- About this exercise -
Please set out each line below exactly as it stands, without the images.

- Given material -
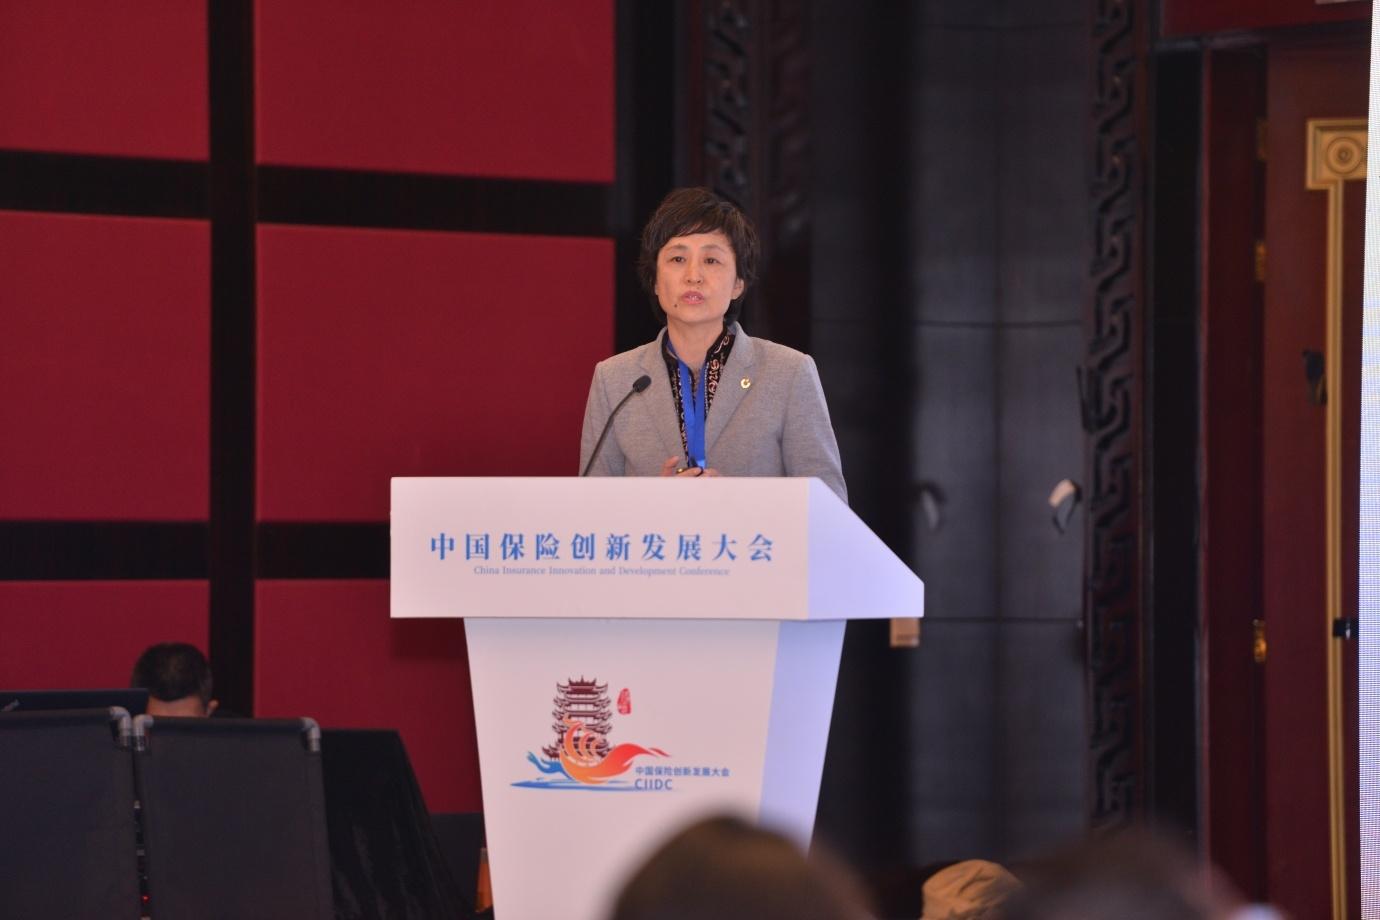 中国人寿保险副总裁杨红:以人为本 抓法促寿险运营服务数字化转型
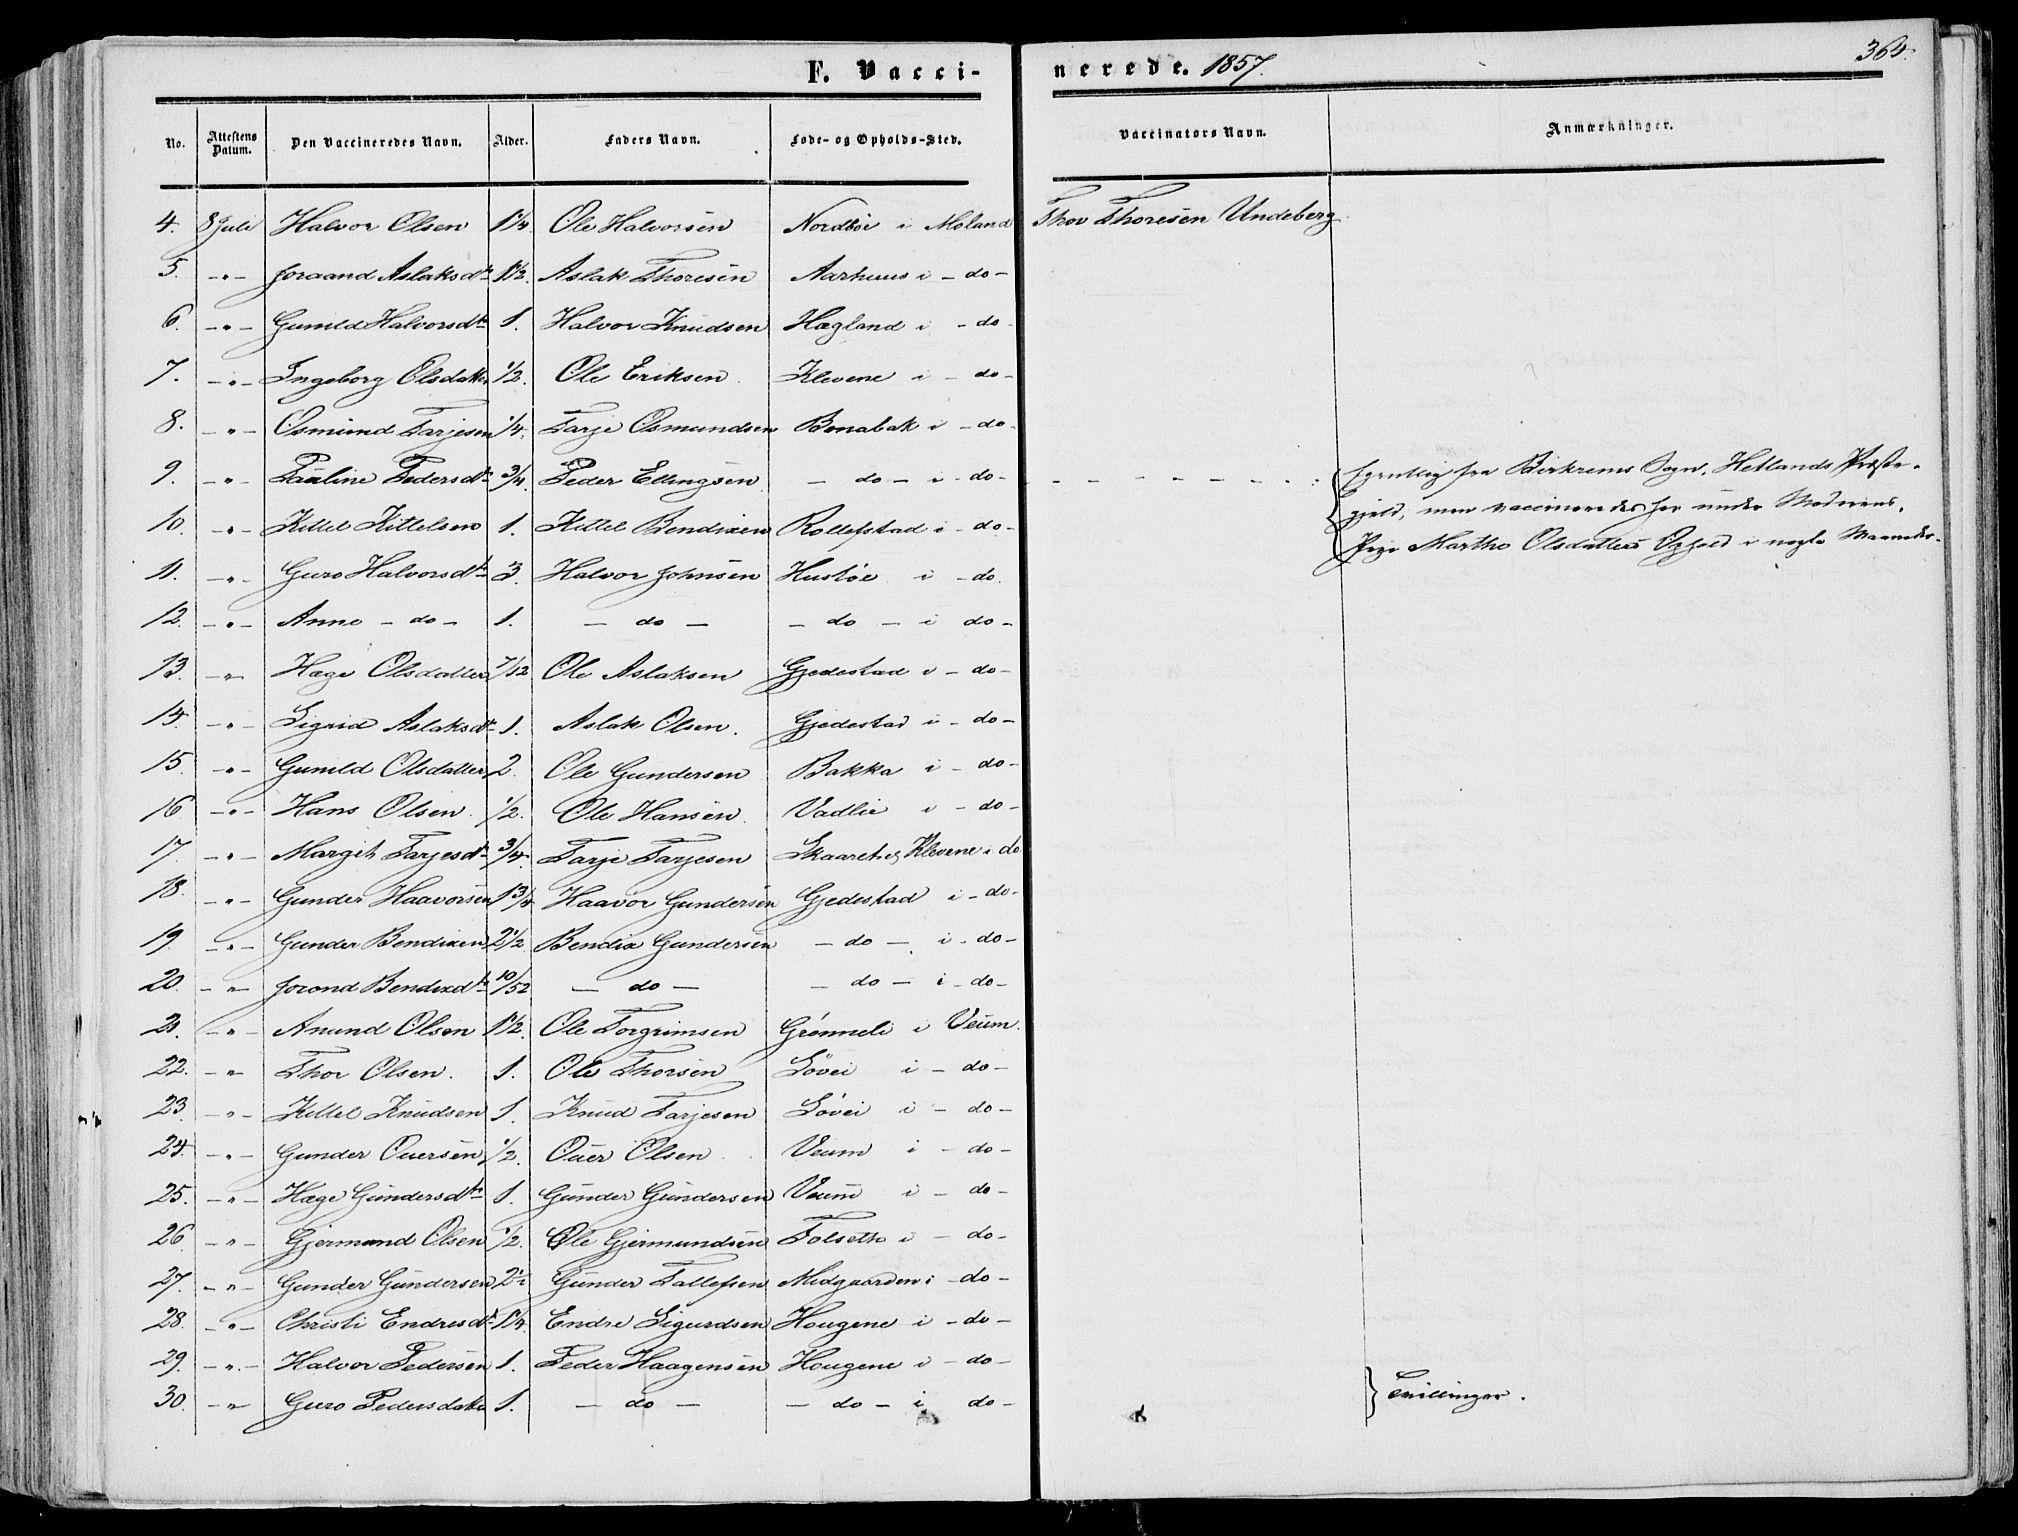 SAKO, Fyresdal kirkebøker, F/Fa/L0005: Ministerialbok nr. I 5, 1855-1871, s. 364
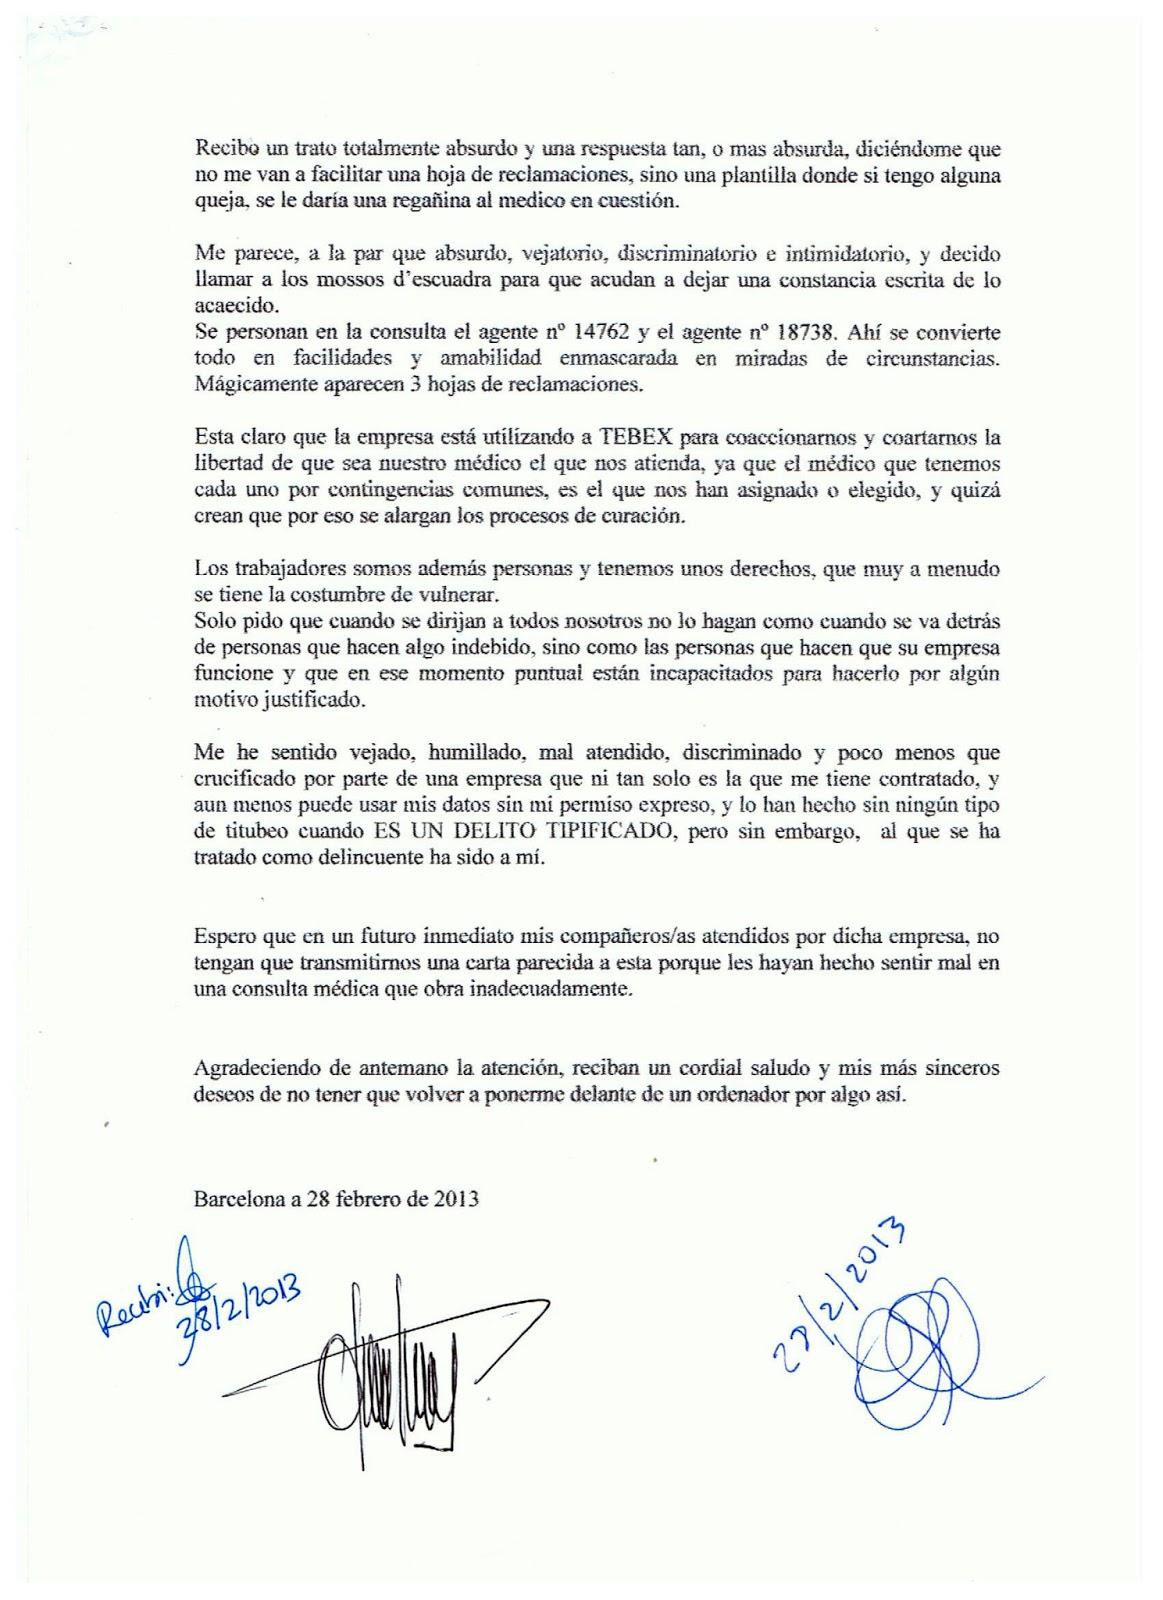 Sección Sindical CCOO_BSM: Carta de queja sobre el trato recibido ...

- Completed exercise -
 中国人寿保险副总裁杨红:以人为本 抓法促寿险运营服务数字化转型
 SAKO, Fyresdal kirkebøker, F/Fa/L0005: Ministerialbok nr. I 5, 1855-1871, s. 364
 Sección Sindical CCOO_BSM: Carta de queja sobre el trato recibido ...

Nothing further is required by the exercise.